### Activity
All lines in the records below from the line with "Replacement Dry Media" through the line with "THE GOLDEN HELIX by Theodore Sturgeon, 1979" are to be given again exactly, both ends included; the pictures are to be left out.

### Input
= = = =
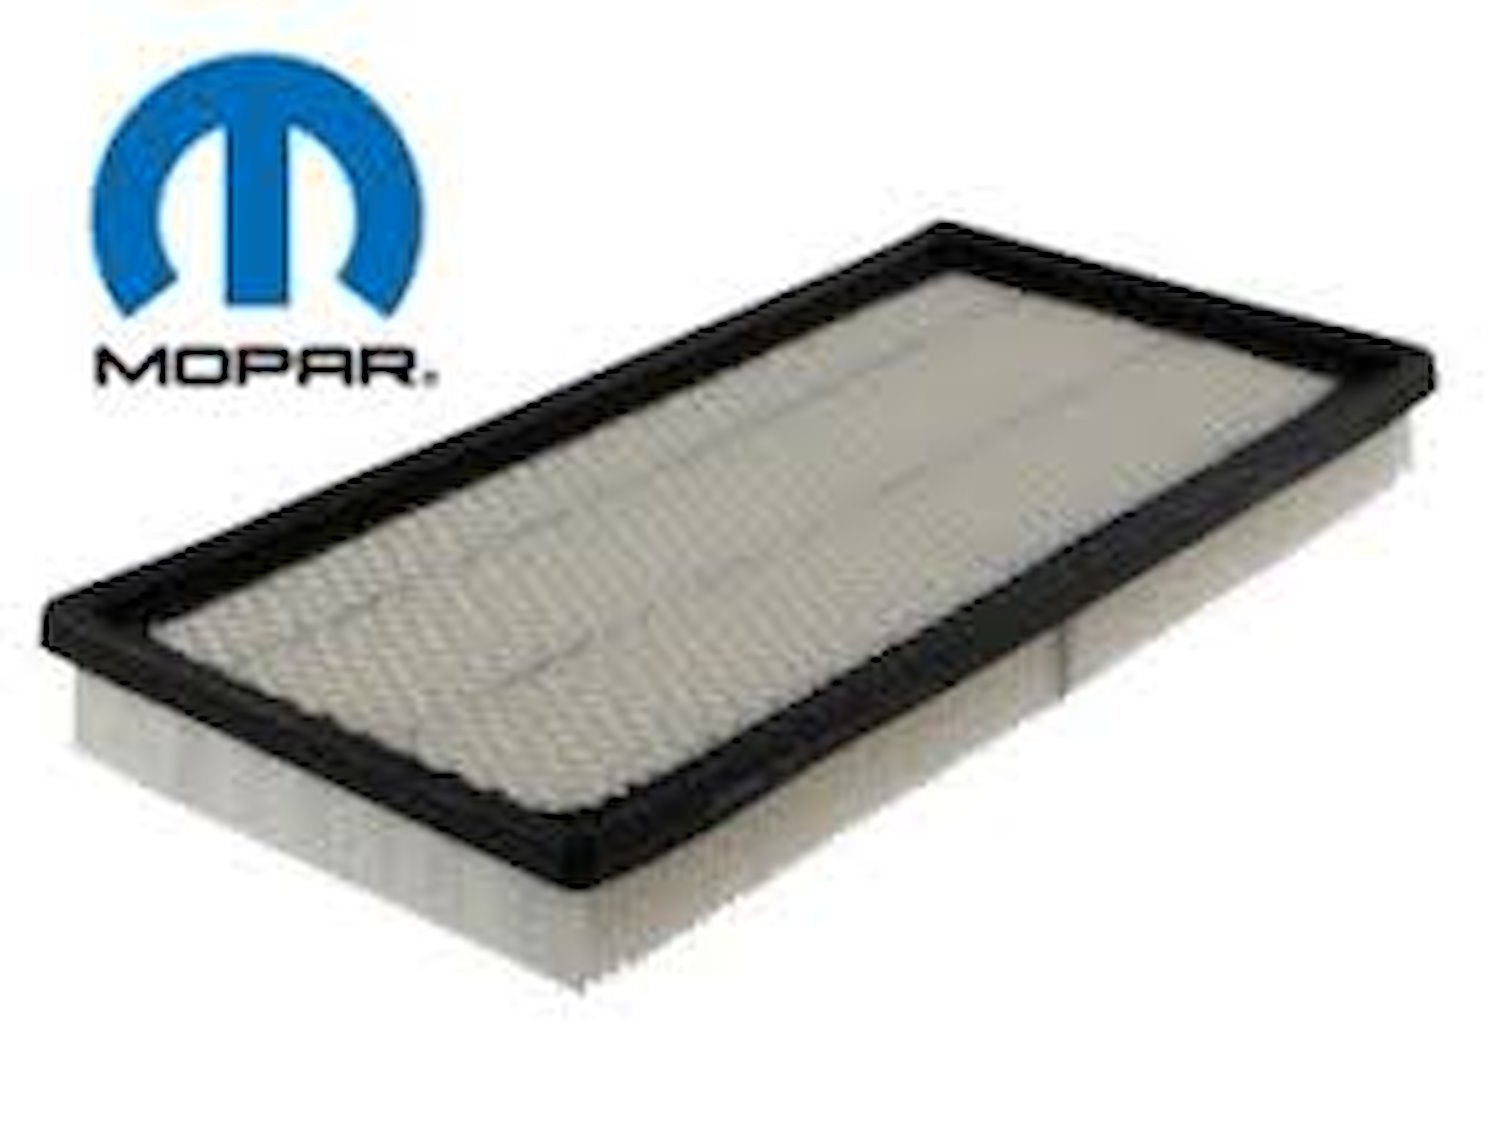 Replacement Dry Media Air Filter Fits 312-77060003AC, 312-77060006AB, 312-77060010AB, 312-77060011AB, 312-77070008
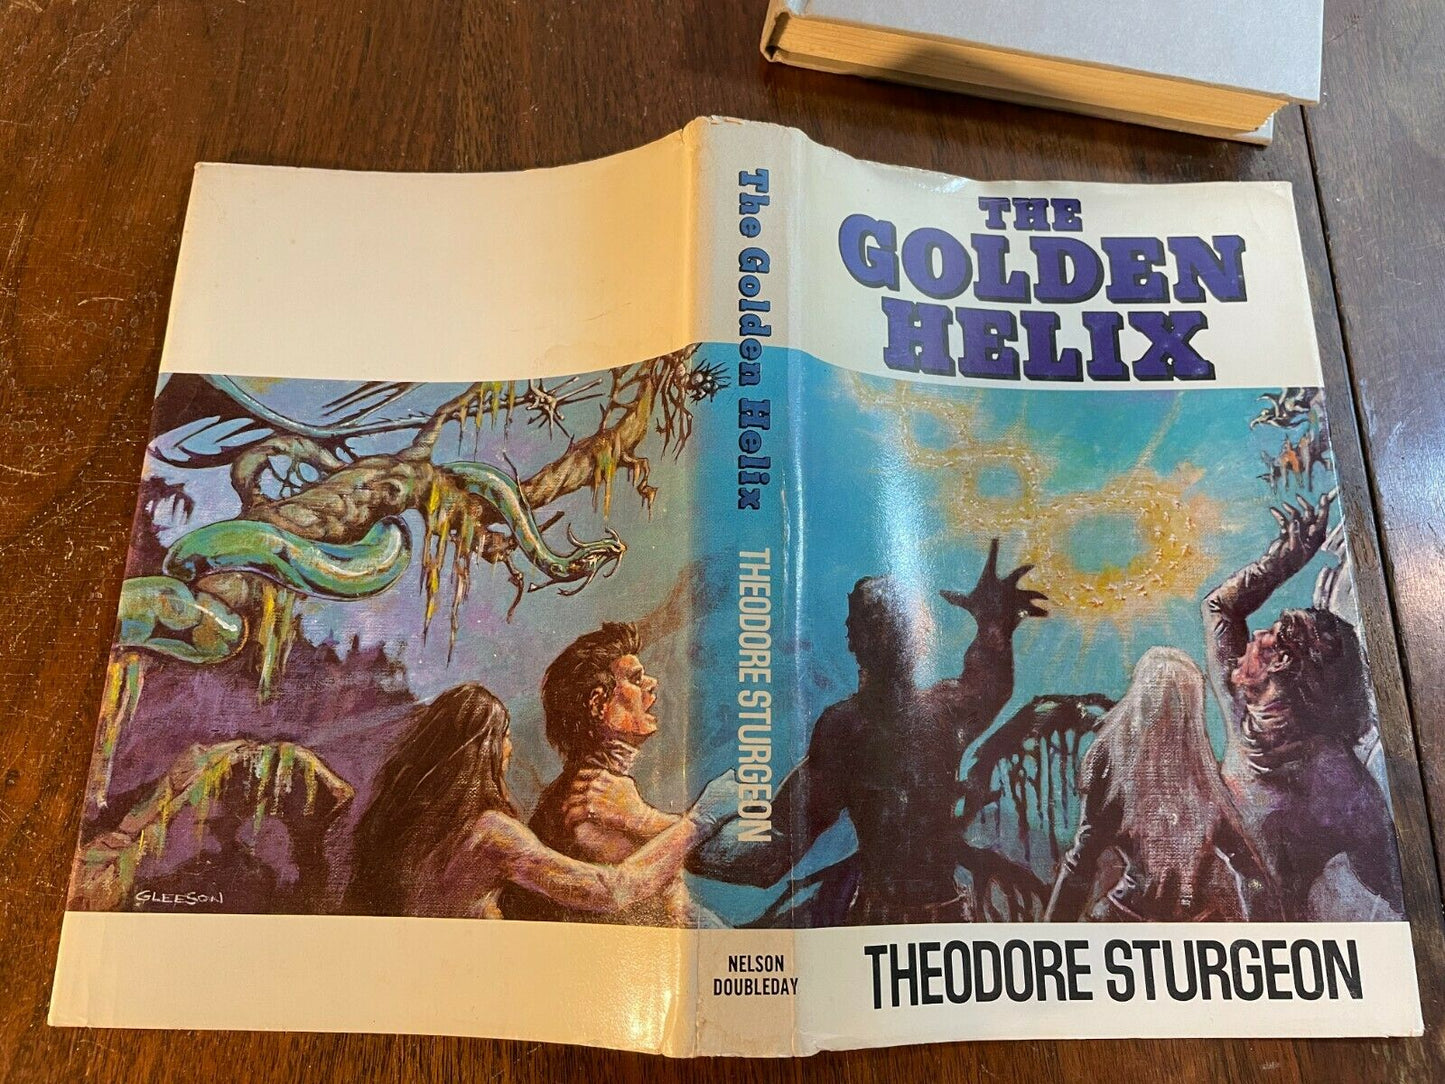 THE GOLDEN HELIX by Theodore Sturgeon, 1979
= = = =
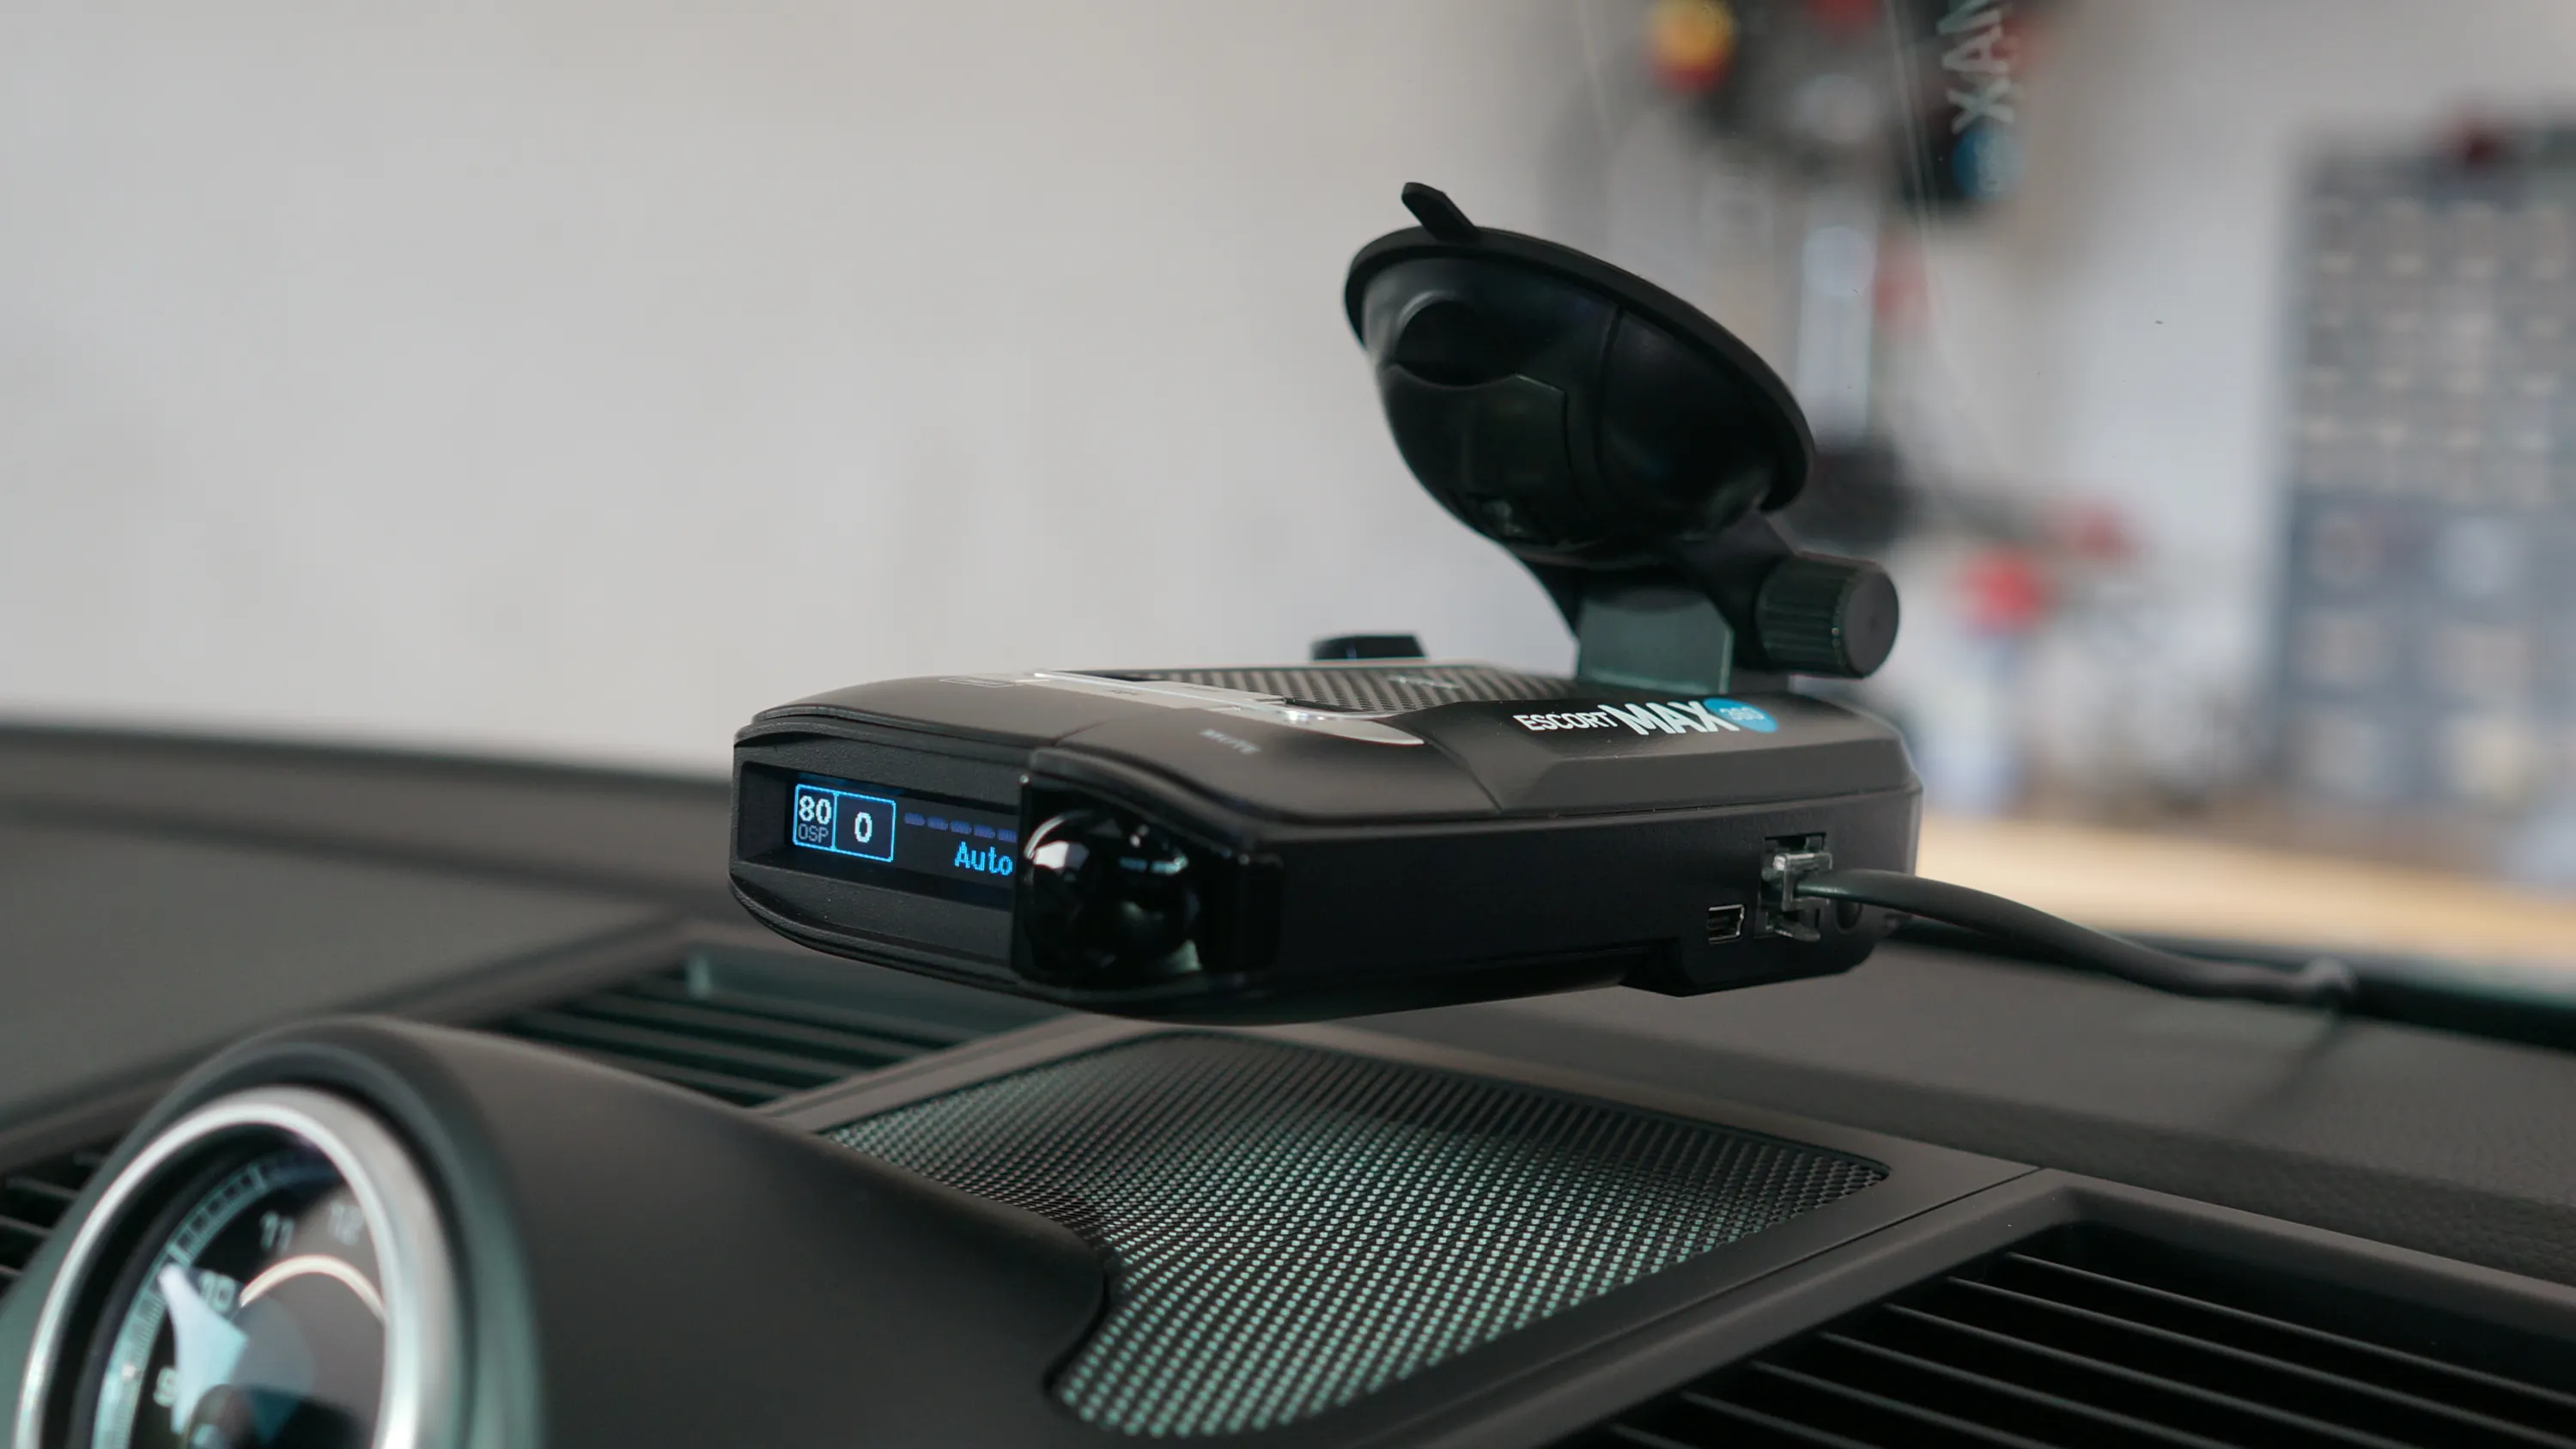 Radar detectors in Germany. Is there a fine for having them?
= = = =
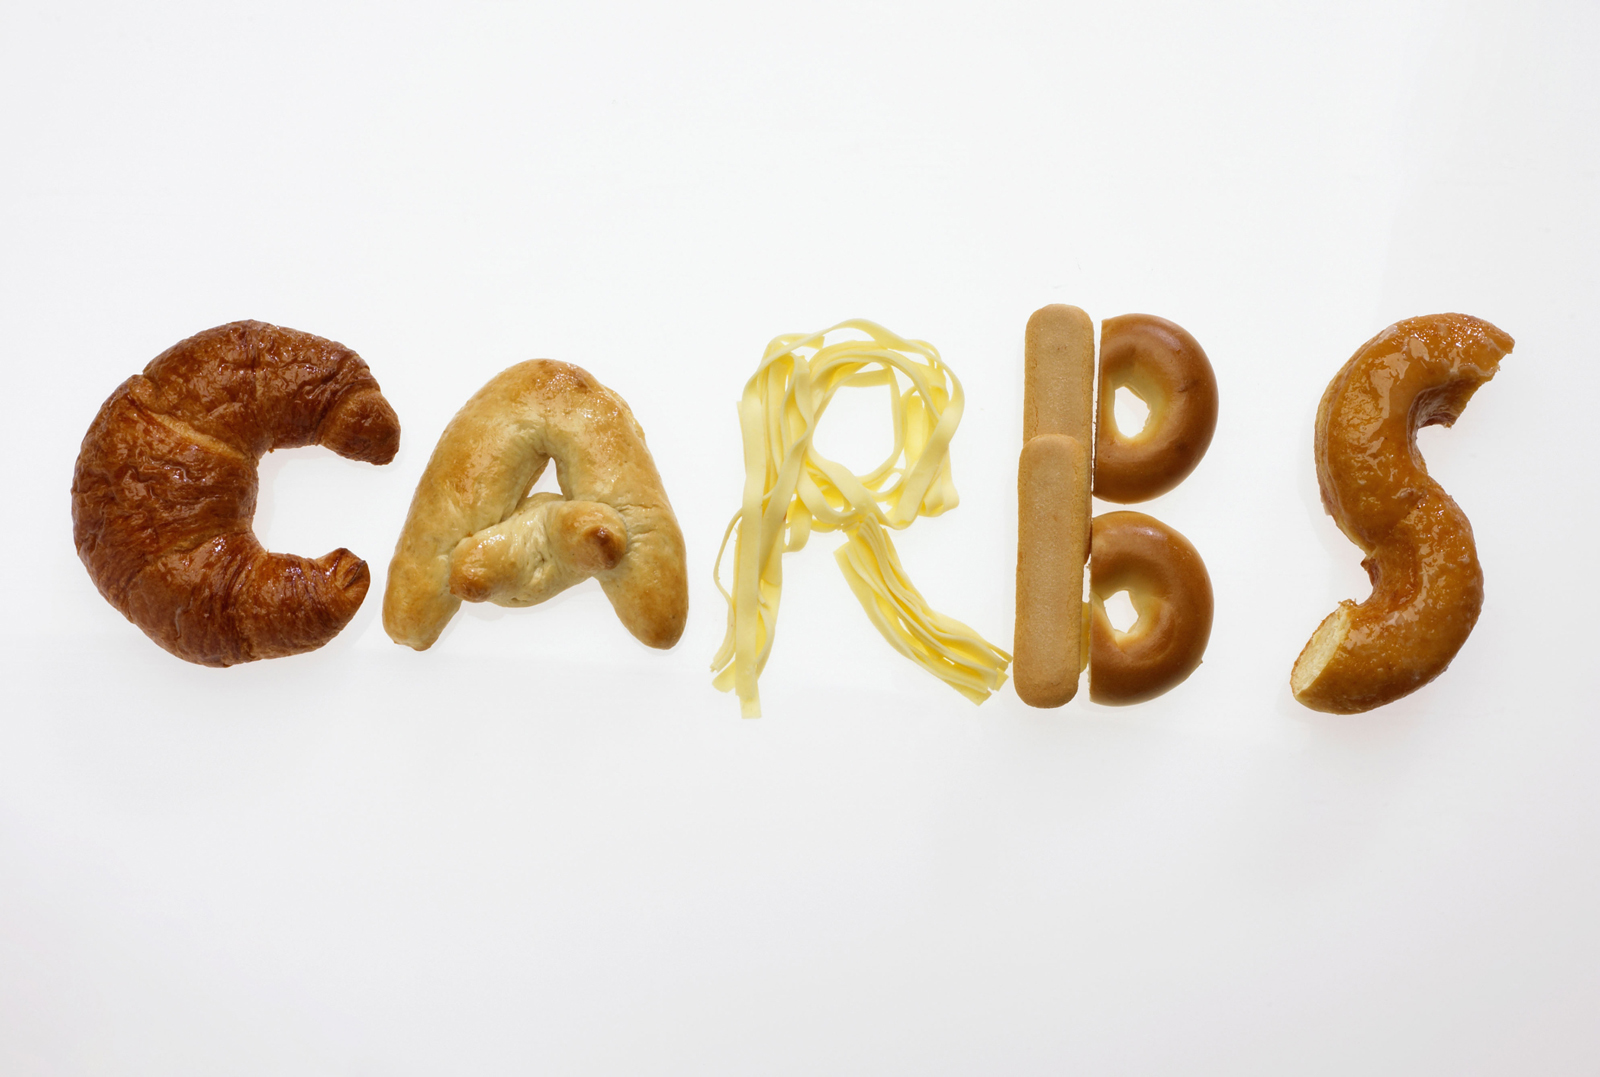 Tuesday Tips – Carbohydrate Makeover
= = = =
### Solution to this exercise
 Replacement Dry Media Air Filter Fits 312-77060003AC, 312-77060006AB, 312-77060010AB, 312-77060011AB, 312-77070008
 THE GOLDEN HELIX by Theodore Sturgeon, 1979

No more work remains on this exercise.